- _GOAL OF THE EXERCISE_: Retype, exactly and completely, the listing that comes next, skipping its images.

----- GIVEN MATERIAL -----

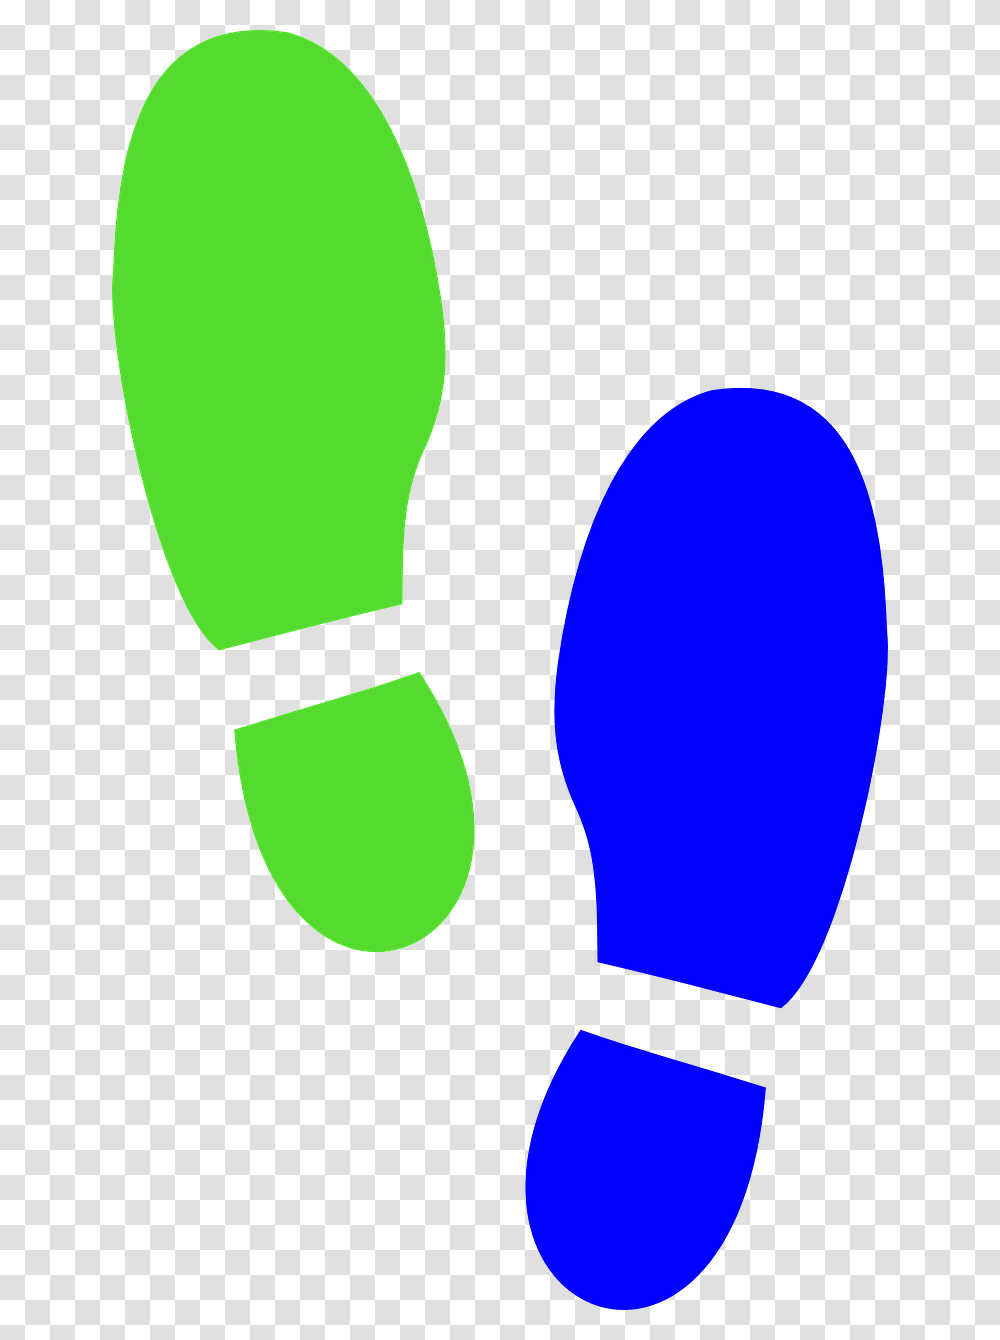 Shoe Print Blue Green Clip Art At Clipart Library Clip Art Shoe Prints, Light, Hand, Recycling Symbol Transparent Png
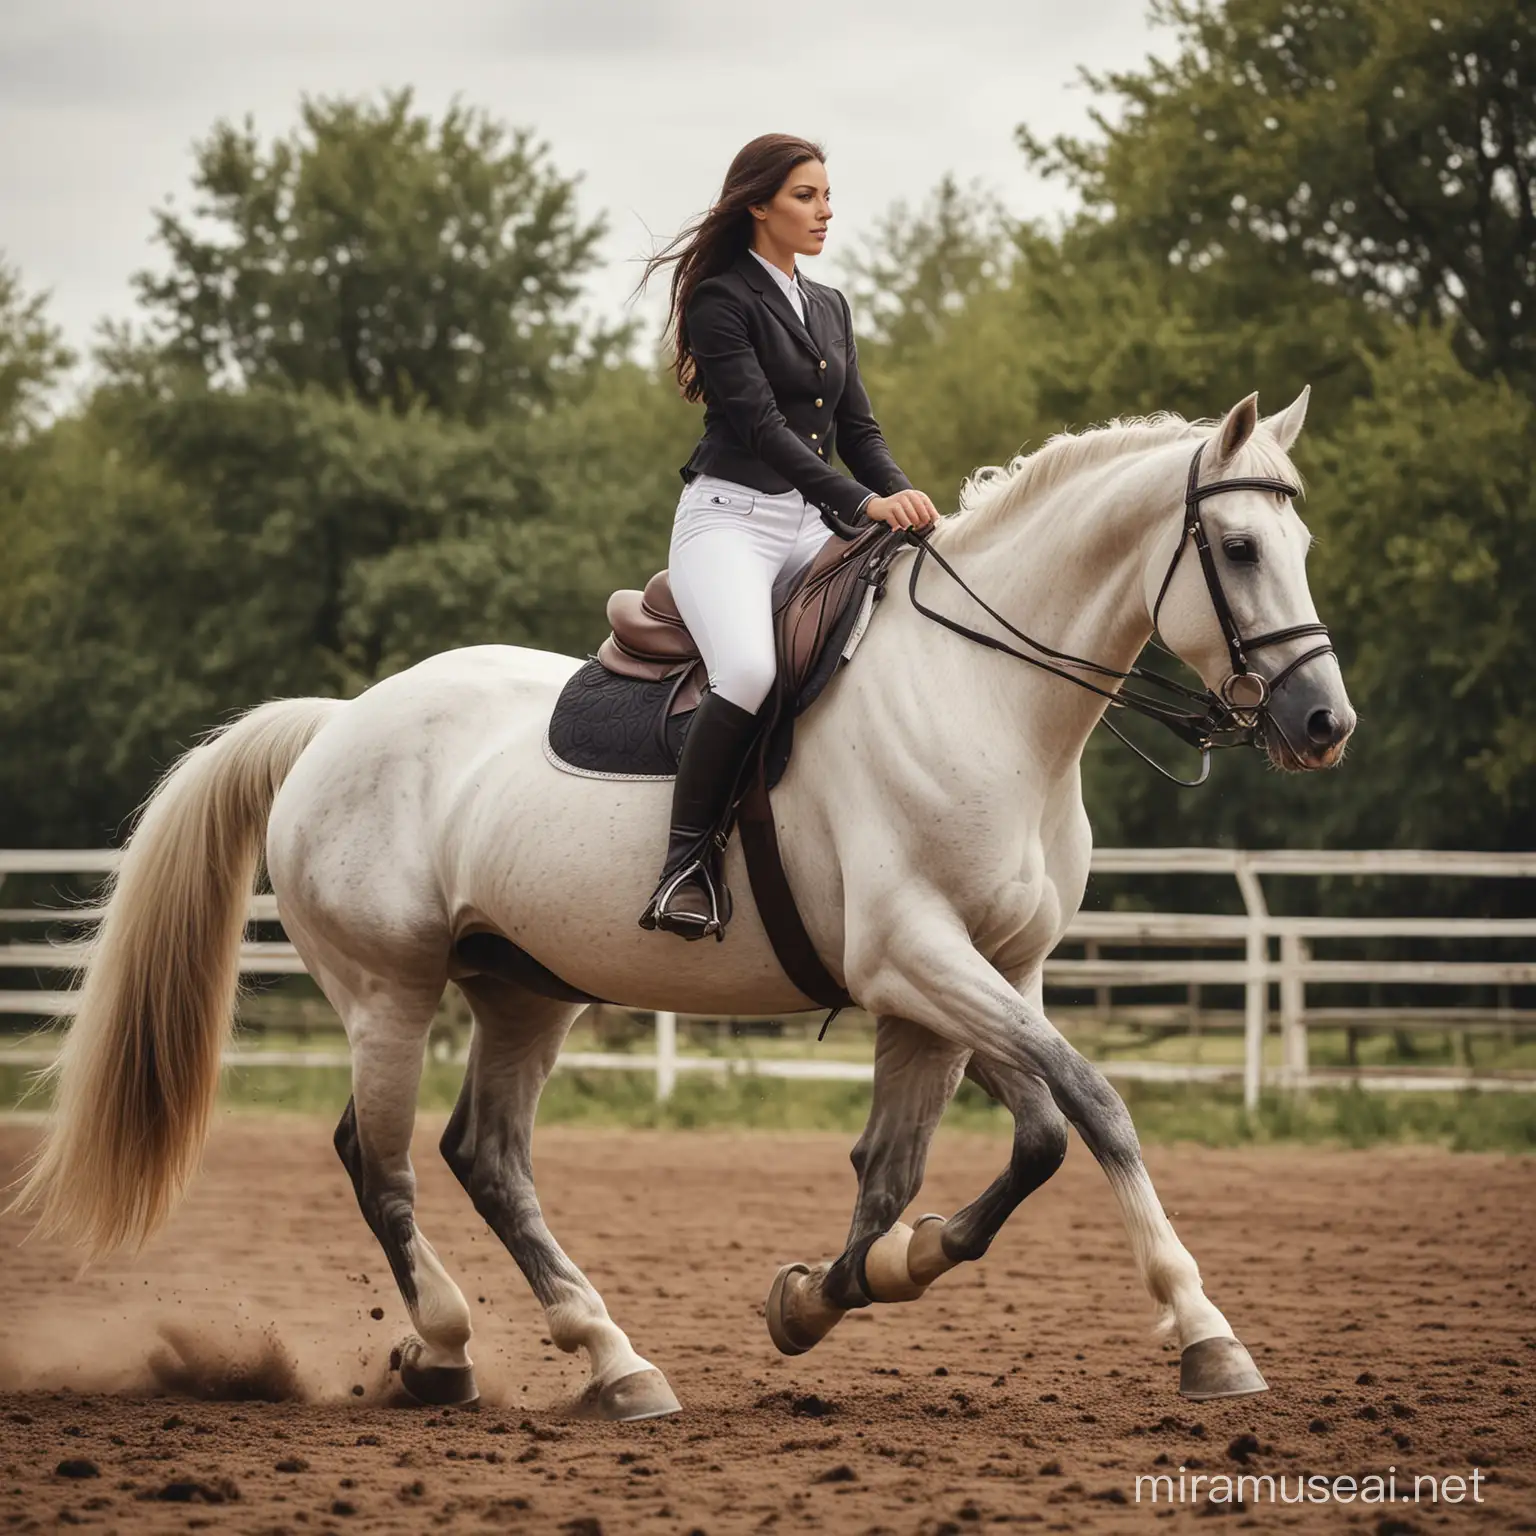 beautiful brunette horse rider riding an elegant horse
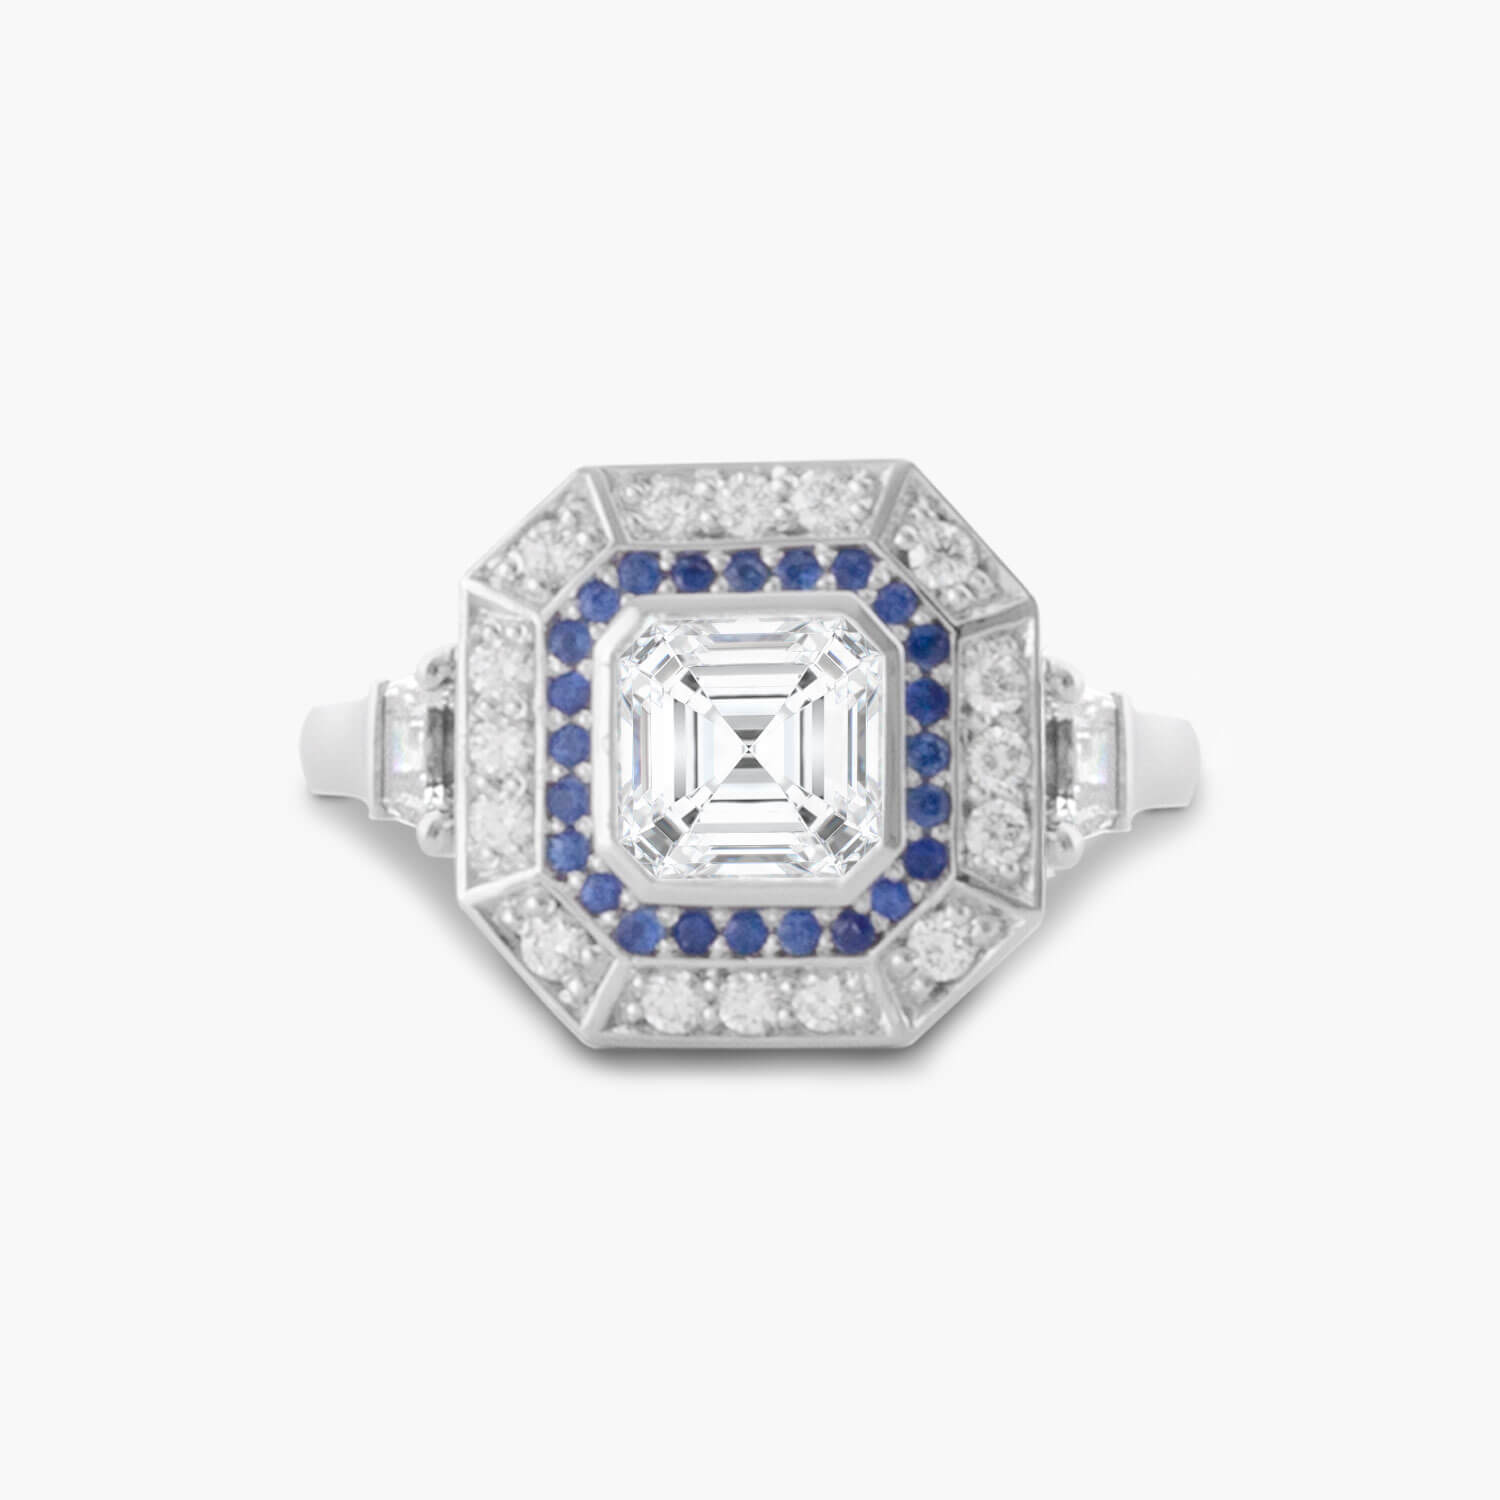 Ben’s Bespoke Diamond and Sapphire Engagement Ring

-----

- _YOUR RESPONSE_:
 Shoe Print Blue Green Clip Art At Clipart Library Clip Art Shoe Prints, Light, Hand, Recycling Symbol Transparent Png
 beautiful brunette horse rider riding an elegant horse
 Ben’s Bespoke Diamond and Sapphire Engagement Ring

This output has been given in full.